Они вдруг осознали красоту четкости, красоту целенаправленного слаженного действия. Доктор в окне наблюдал за ними внимательно и ревниво, за собравшимися вместе буйными и тихими, опасными и неопасными. Что будет? Опасные были его особым достоянием, он дорожил ими.
— Бодуэн! — вдруг позвал он.
Бодуэн Сент-Жюст был печально известным убийцей, причем вполне благочестивым на вид — все годы, проведенные здесь, он ходил на исповедь и ни разу не упомянул о своих преступлениях. Он задрал голову и весело помахал доктору, совсем как школьник.
— Упряжь на стене внутри! — крикнул ему доктор Журден, и Бодуэн послушно шагнул в темноту.
И вот лошади появились снаружи — все в пене от возбуждения. Безумцы поглаживали их, успокаивая, и даже пытались почистить листьями. Под руководством Катрфажа они с равнодушными криками впрягли лошадей и коров в телеги. Потом началась свалка из-за того, кто поедет в телегах, но это не было похоже на потасовку здоровых людей, просто несколько человек ударились в слезы, а у одного заболел живот.
— Все тут? — с явным интересом спросил Журден. — Я что-то не вижу мясника Торрвиля и Джин Тэйллефер. Ах, нет! Вот он. Интересно, где он взял нож? Ну и народ! Сегодня он точно что-нибудь натворит.
— Надеюсь, не с нами, — произнес Смиргел.
Ренье де Ларшан произносил проповедь — он не был опасен, если ему разрешали играть на рояле. Более того, он понимал, где находится. Ему сообщила это его мать, прежде чем он… Молэй, Перод смотрели на всех удивленно и угрюмо, что было неважным признаком. Телеги стояли наготове. Хватило одного удара, чтобы ворота упали на землю, и теперь они легонько подпрыгивали в пыли. Падение ворот было встречено дружным криком. Телеги были забиты до отказа. Народ будто ощутил сходство теперешней ситуации с полузабытыми праздниками урожая и ярмарками, деревенскими fêtes[248] и плясками на знаменитом старом мосту. Катрфаж взобрался на лошадь и возглавил процессию. По-детски радостно оглядевшись, он угрожающе взмахнул топором, словно боевым мечом.

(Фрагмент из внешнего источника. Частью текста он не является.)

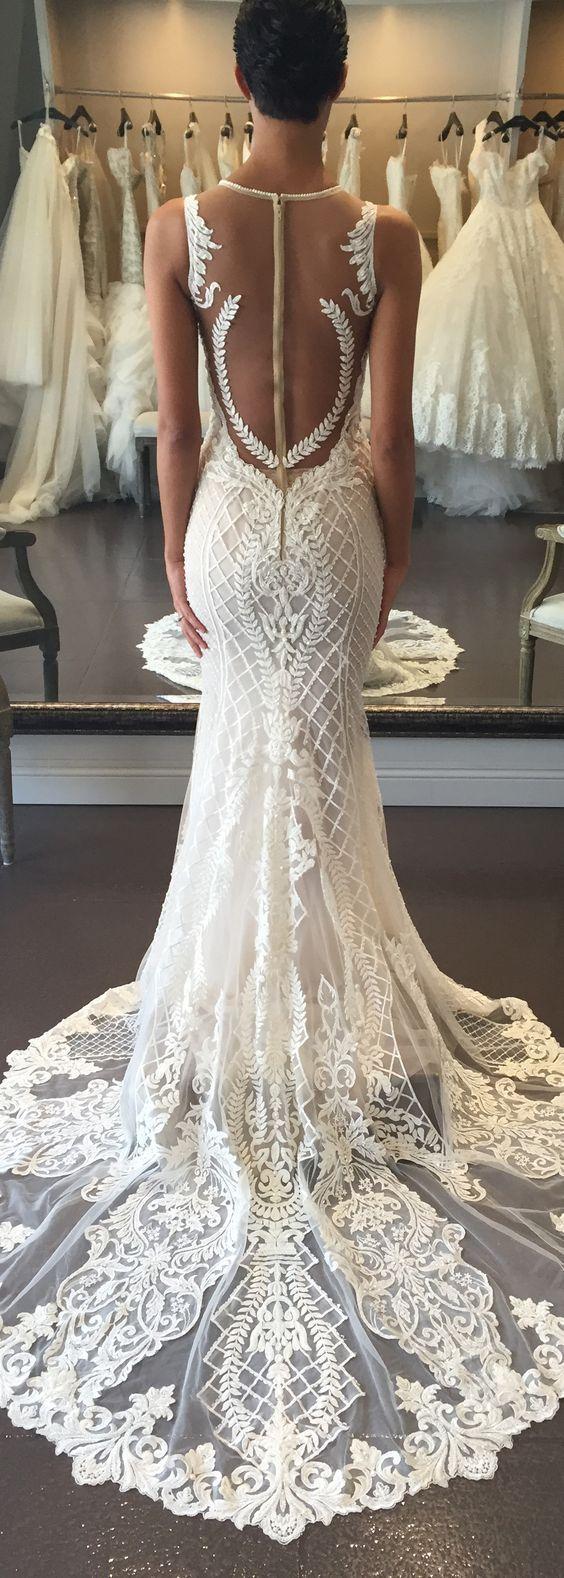 Berta Brida Wedding Dresses / http://www.deerpearlflowers.com/berta-fw-2017-wedding-dresses/3/
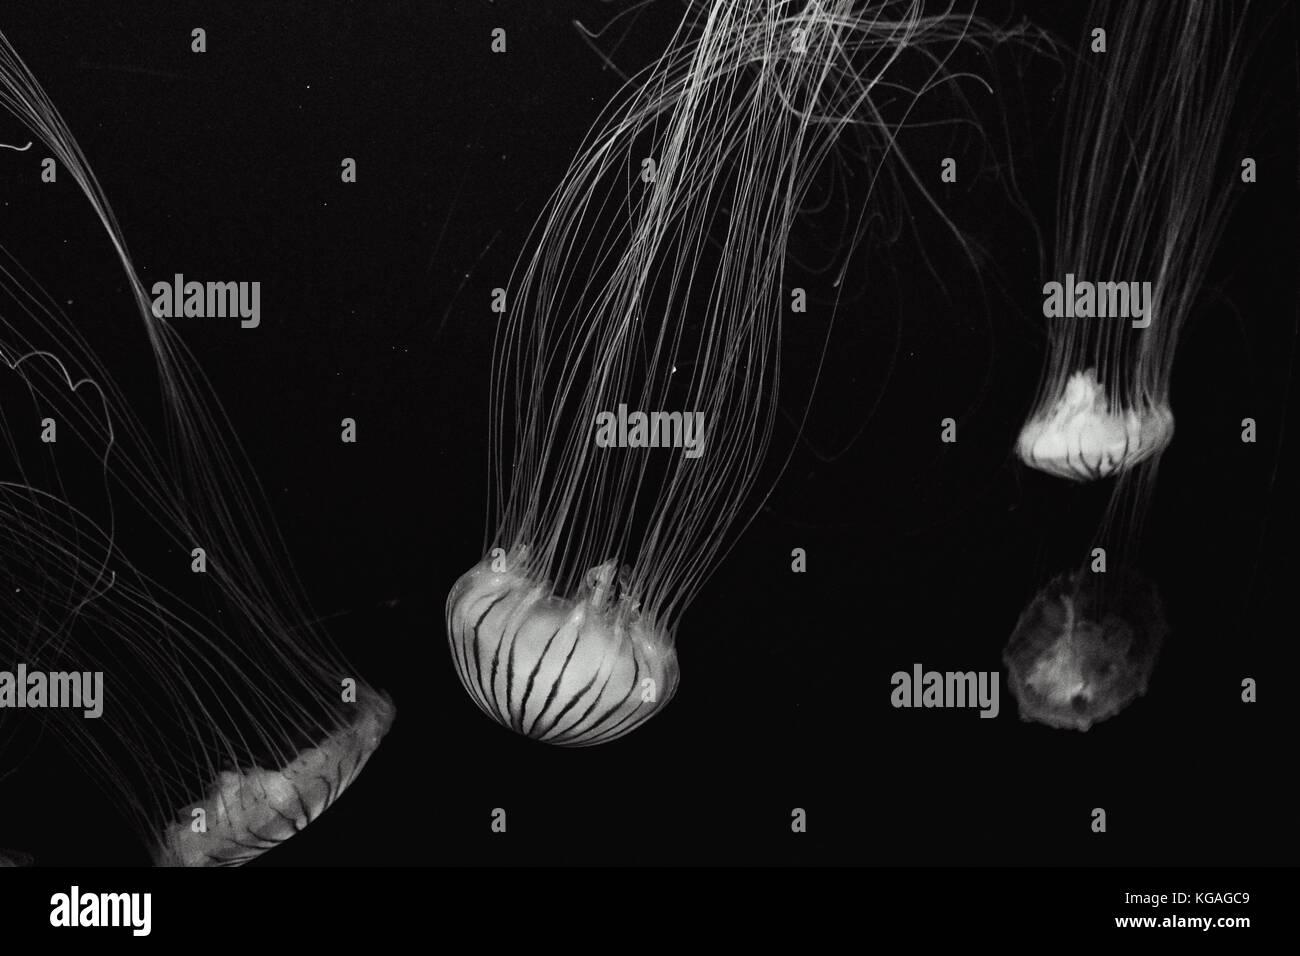 Jellyfish at San Francisco's Aquarium of the Bay - Stock Image

— Еду и воду мы найдем в городе, — сообщил он своему воинству, и в ответ раздались хриплые смешки. Перехватив взгляд Журдена, стоявшего на балконе, он отвесил ему насмешливый поклон. — В город! — крикнул он. — Я поведу их на Рим! — проинформировал он доктора.
Как ни странно, сидевшие в телегах, услыхав его, заорали, зарычали, заревели:
— На Рим! Вперед, на Рим!
Журден вздохнул.
— Наука — это прекрасно! — воскликнул он, непонятно к чему.
Он и Смиргел смотрели, как разношерстная толпа выстраивается позади телег, словно собираясь идти на уборку урожая, на похороны или на ярмарку.
— Вот так, волей случая, и начинаются революции, — произнес он, услышав, как кто-то запел «Марсельезу»; и по мере удаления процессии песня набирала силу.
— Только песне под силу заставить людей шагать на голодный желудок, — покачав головой, сказал Смиргел.
И тут вдруг оба заметили, что бомбежка как будто прекратилась. Доктор вытянул руку, словно проверяя, не идет ли дождь. И дождь действительно шел. Воцарившуюся тишину нарушало сейчас лишь кошачье мурлыканье капель. Смиргел попросил налить ему еще виски.
— Знаете, швейцарская армия закрыла границу. Союзники двигаются к нам из Ниццы. В моей машинке достаточно бензина, чтобы добраться до какого-нибудь места, где есть еда. Выбирайте сами, куда нам ехать, на север или на восток.
— Вы обратили внимание на то, как они быстро объединились? И всего-навсего им потребовалась музыка, чтобы найти ритм шага?
В самом деле, двое из буйных отыскали бубны и трубу, сохранившиеся от какого-то деревенского ансамбля, и начали совсем неплохо отбивать на бубнах ритм, правда труба скрипуче ревела и задыхалась. Прислушиваясь к стихавшему шуму, доктор опять вздохнул и припомнил «Cock Lord's Boate»[249] и «Bateau Ivre».[250]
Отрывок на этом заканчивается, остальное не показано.